◆ Task objective
Write the listing out again word for word, excluding any pictures.

◆ Provided records
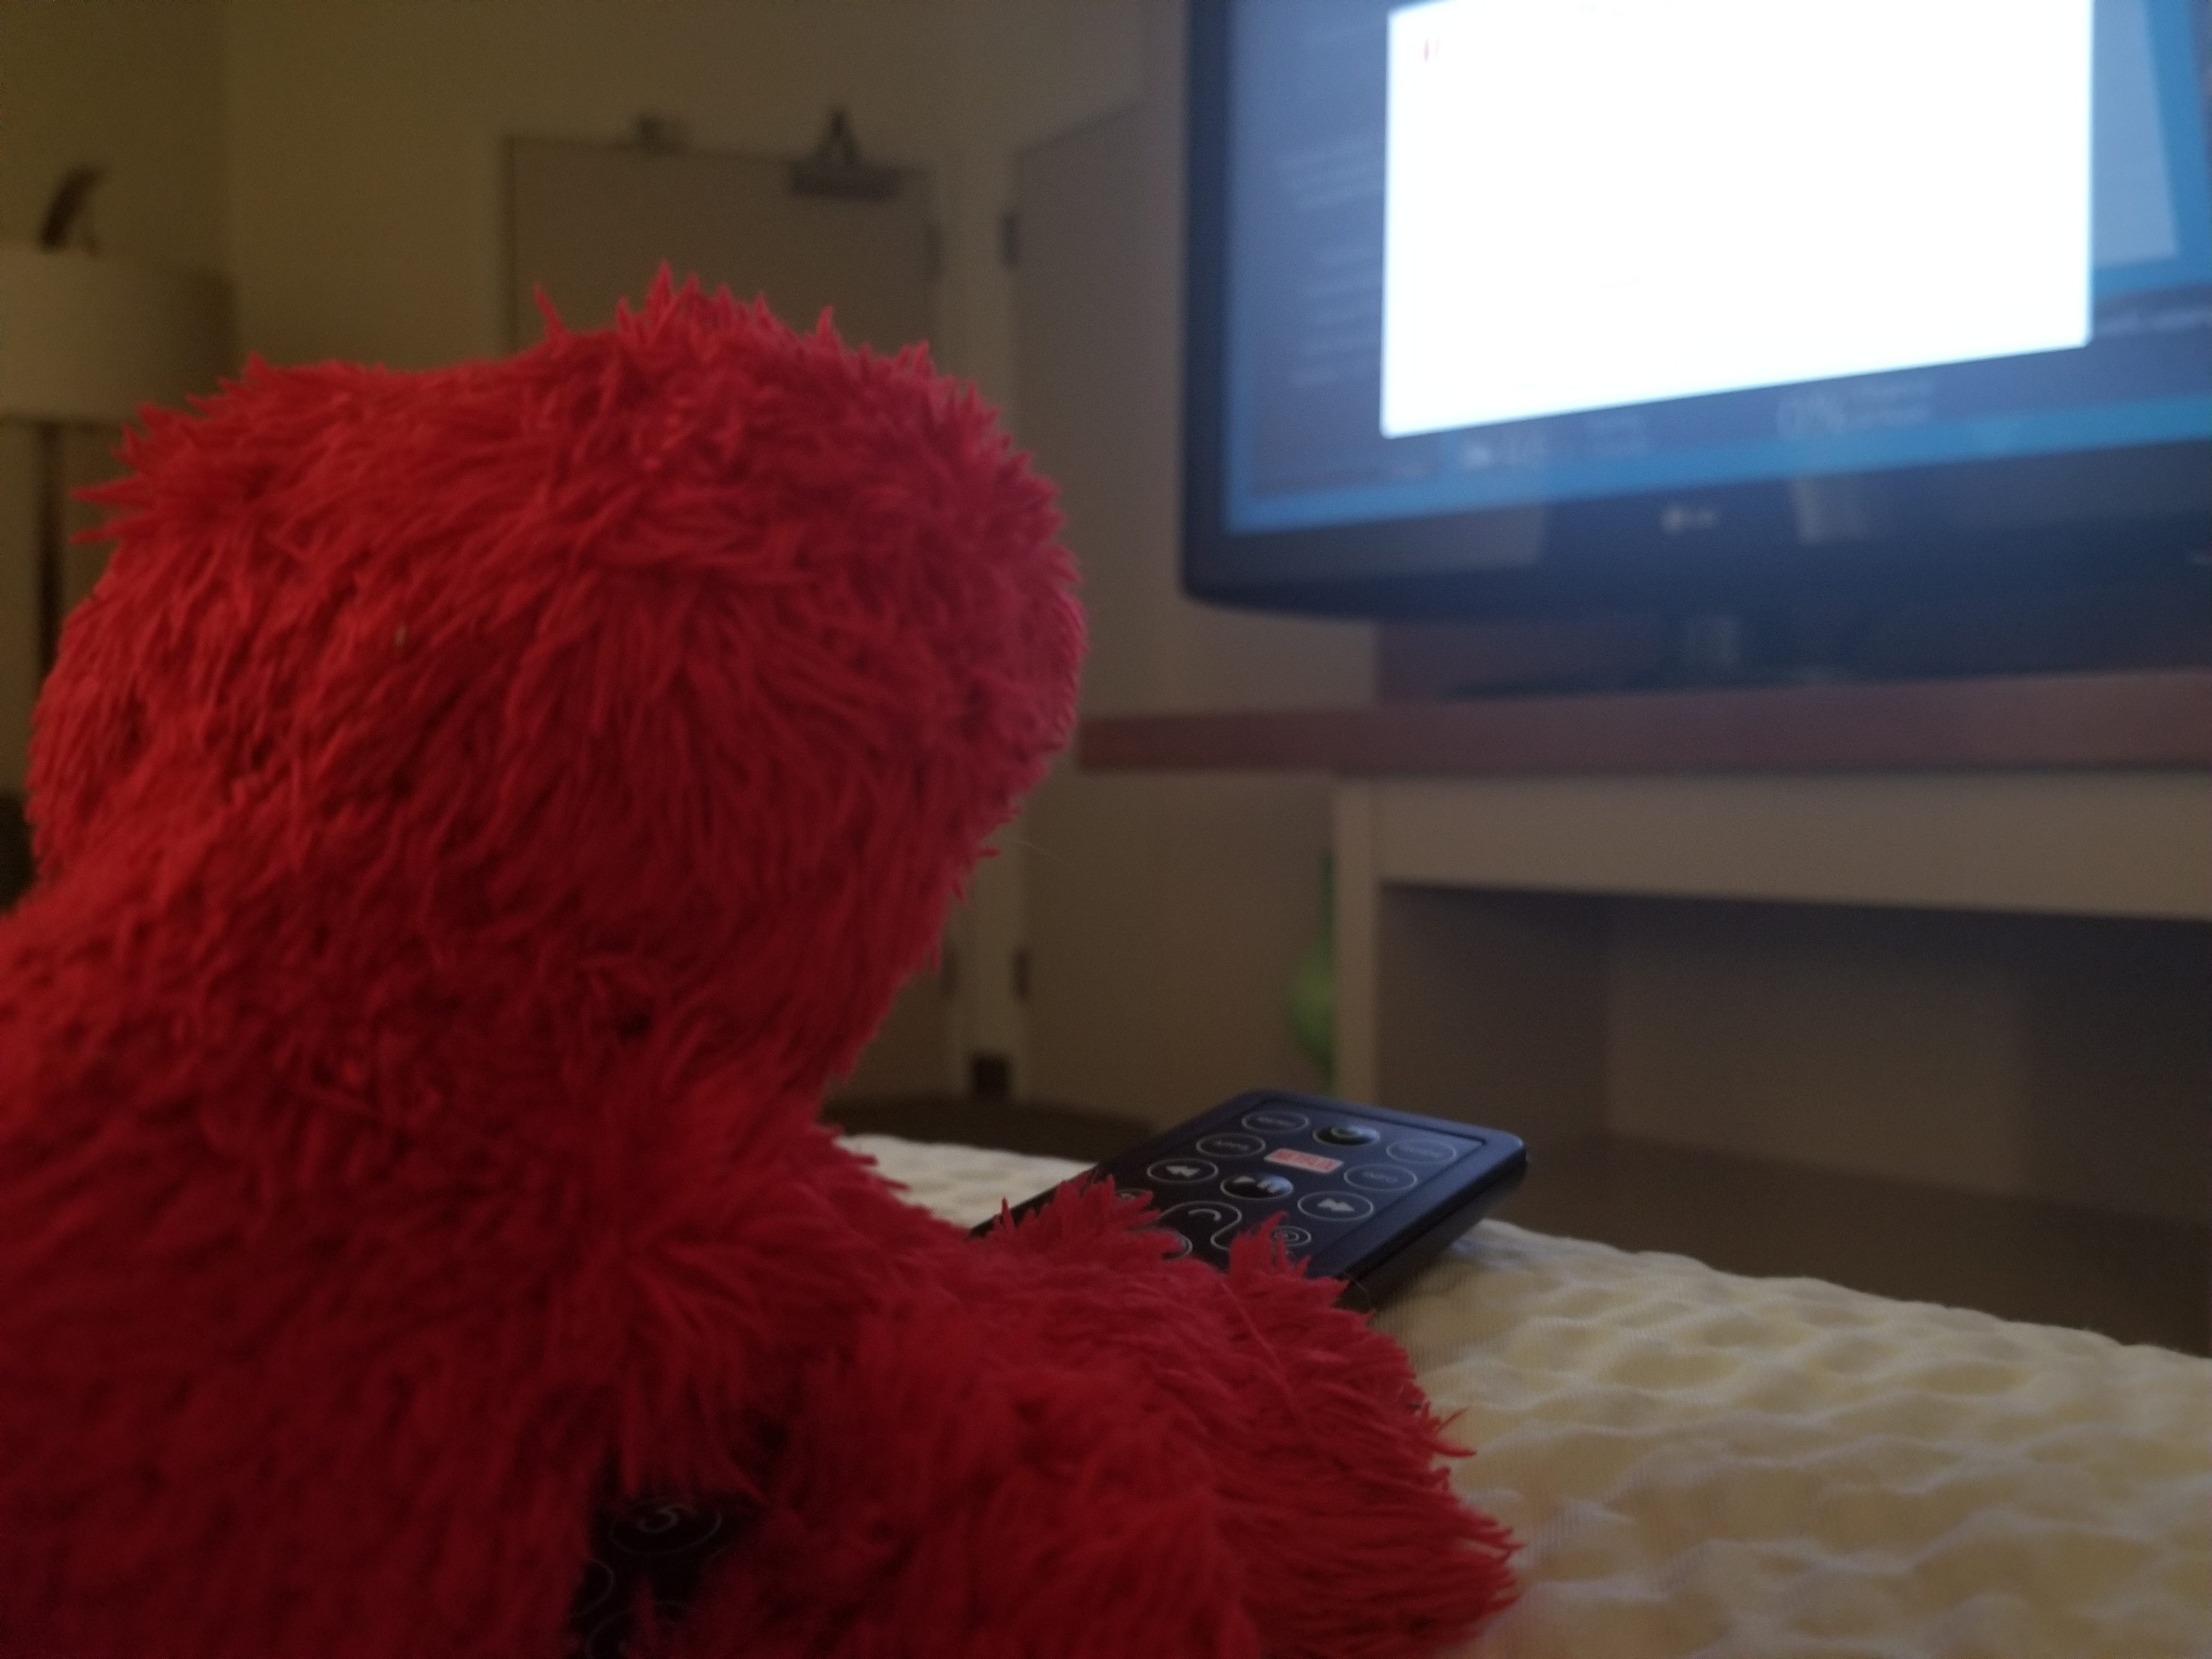 Elmo Watches some TV
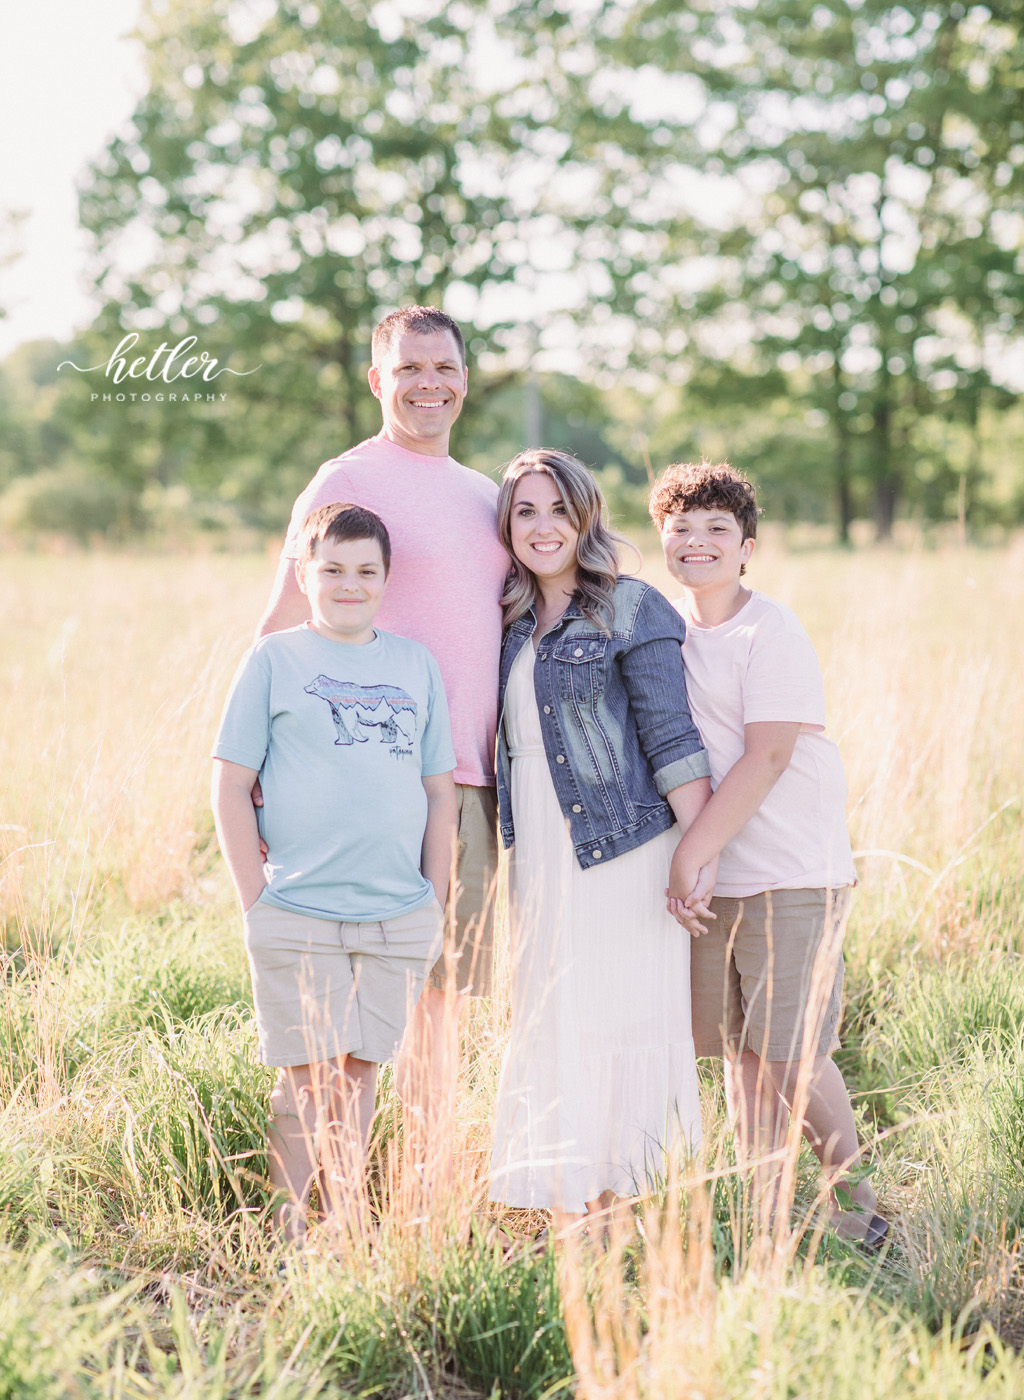 Newaygo Michigan family photos in a farm field with beautiful sunshine
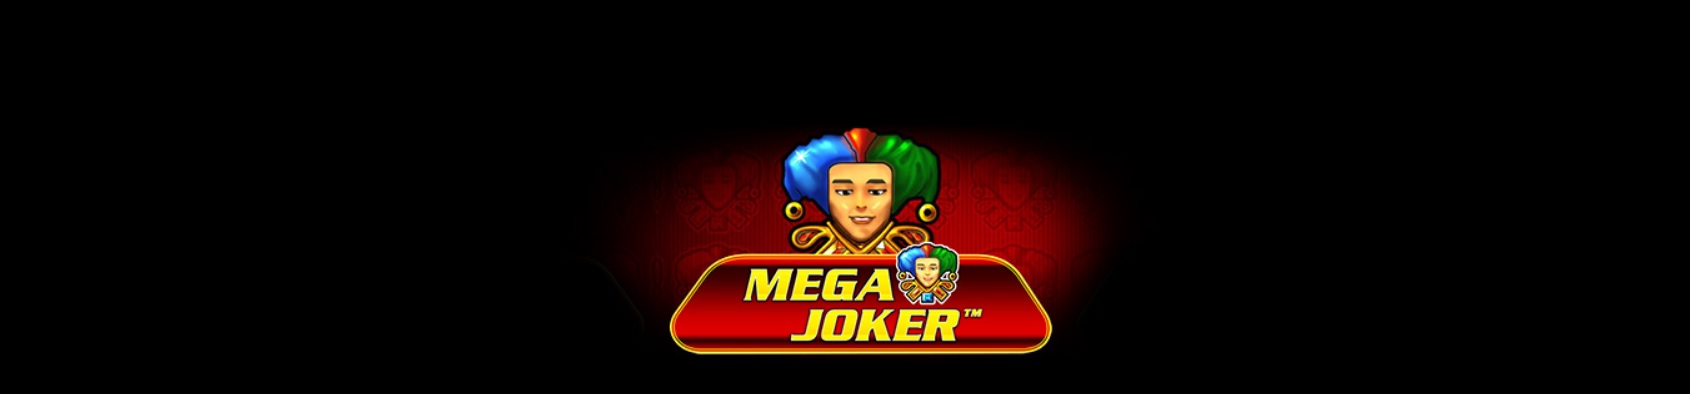 Mega Joker Revizuire
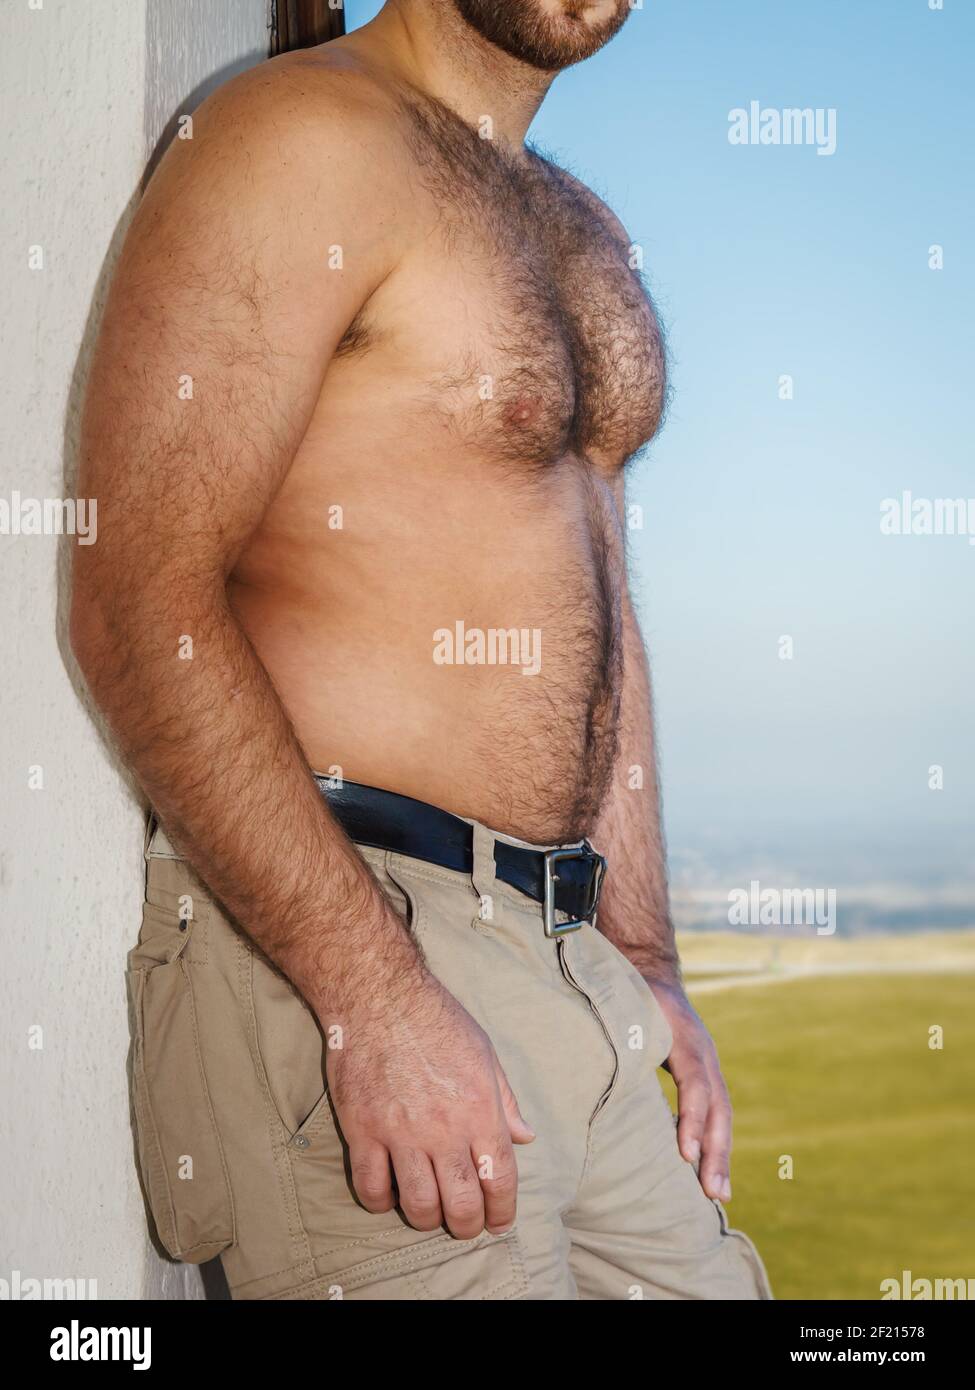 Very hairy male body Stock Photo - Alamy
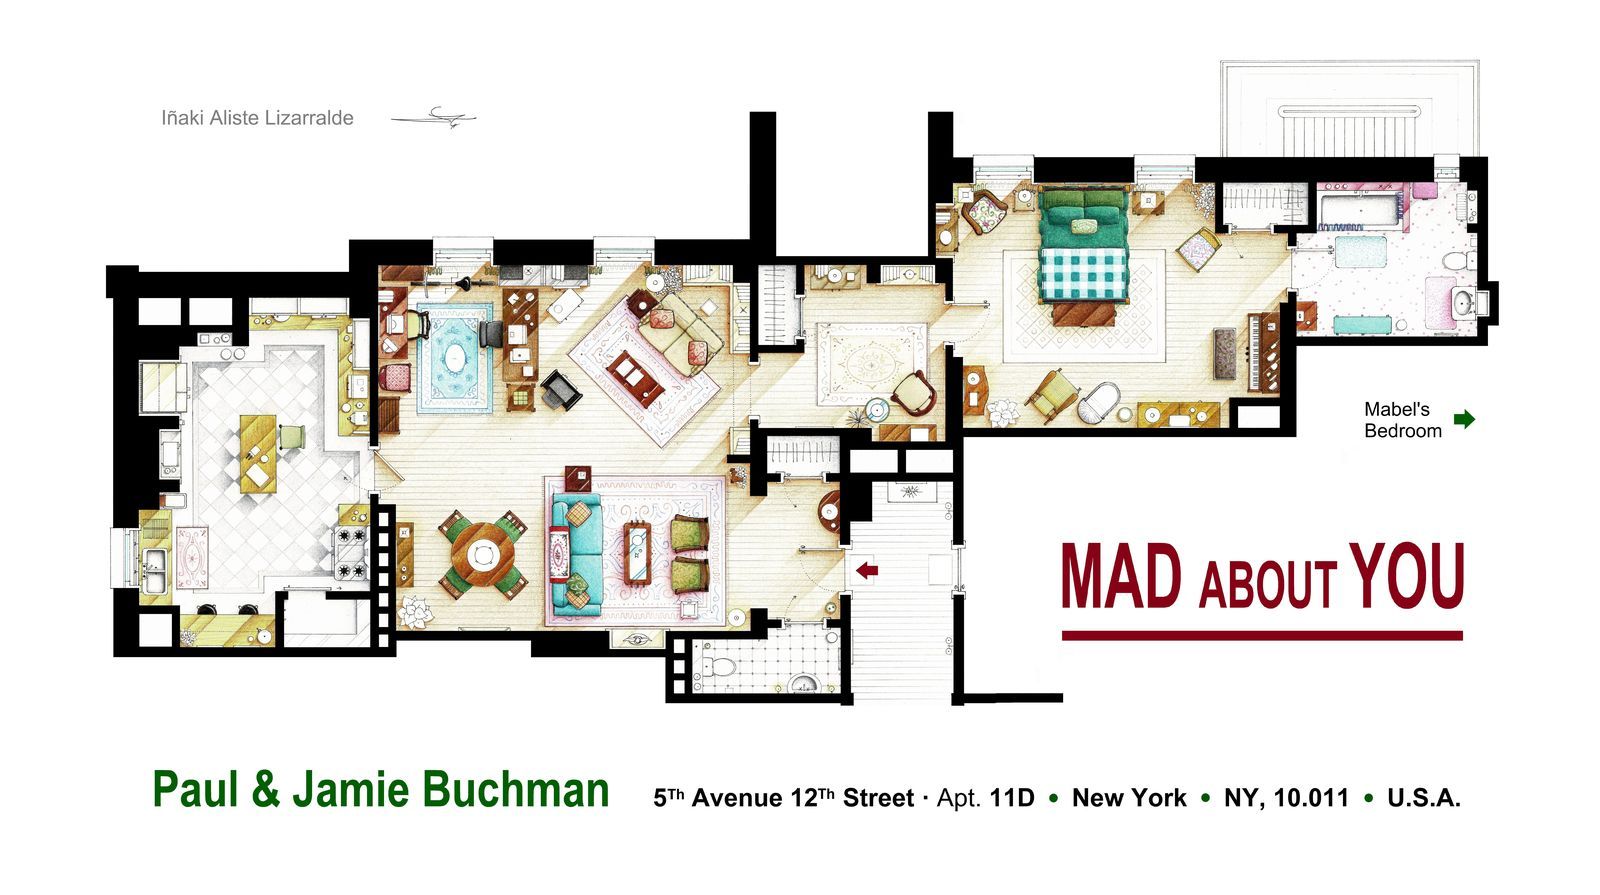 · Floorplan of Paul & Jamie Buchman's apartment from the

◆ Written response
 Elmo Watches some TV
 Newaygo Michigan family photos in a farm field with beautiful sunshine
 Mega Joker Revizuire
 Very hairy male body Stock Photo - Alamy
 · Floorplan of Paul & Jamie Buchman's apartment from the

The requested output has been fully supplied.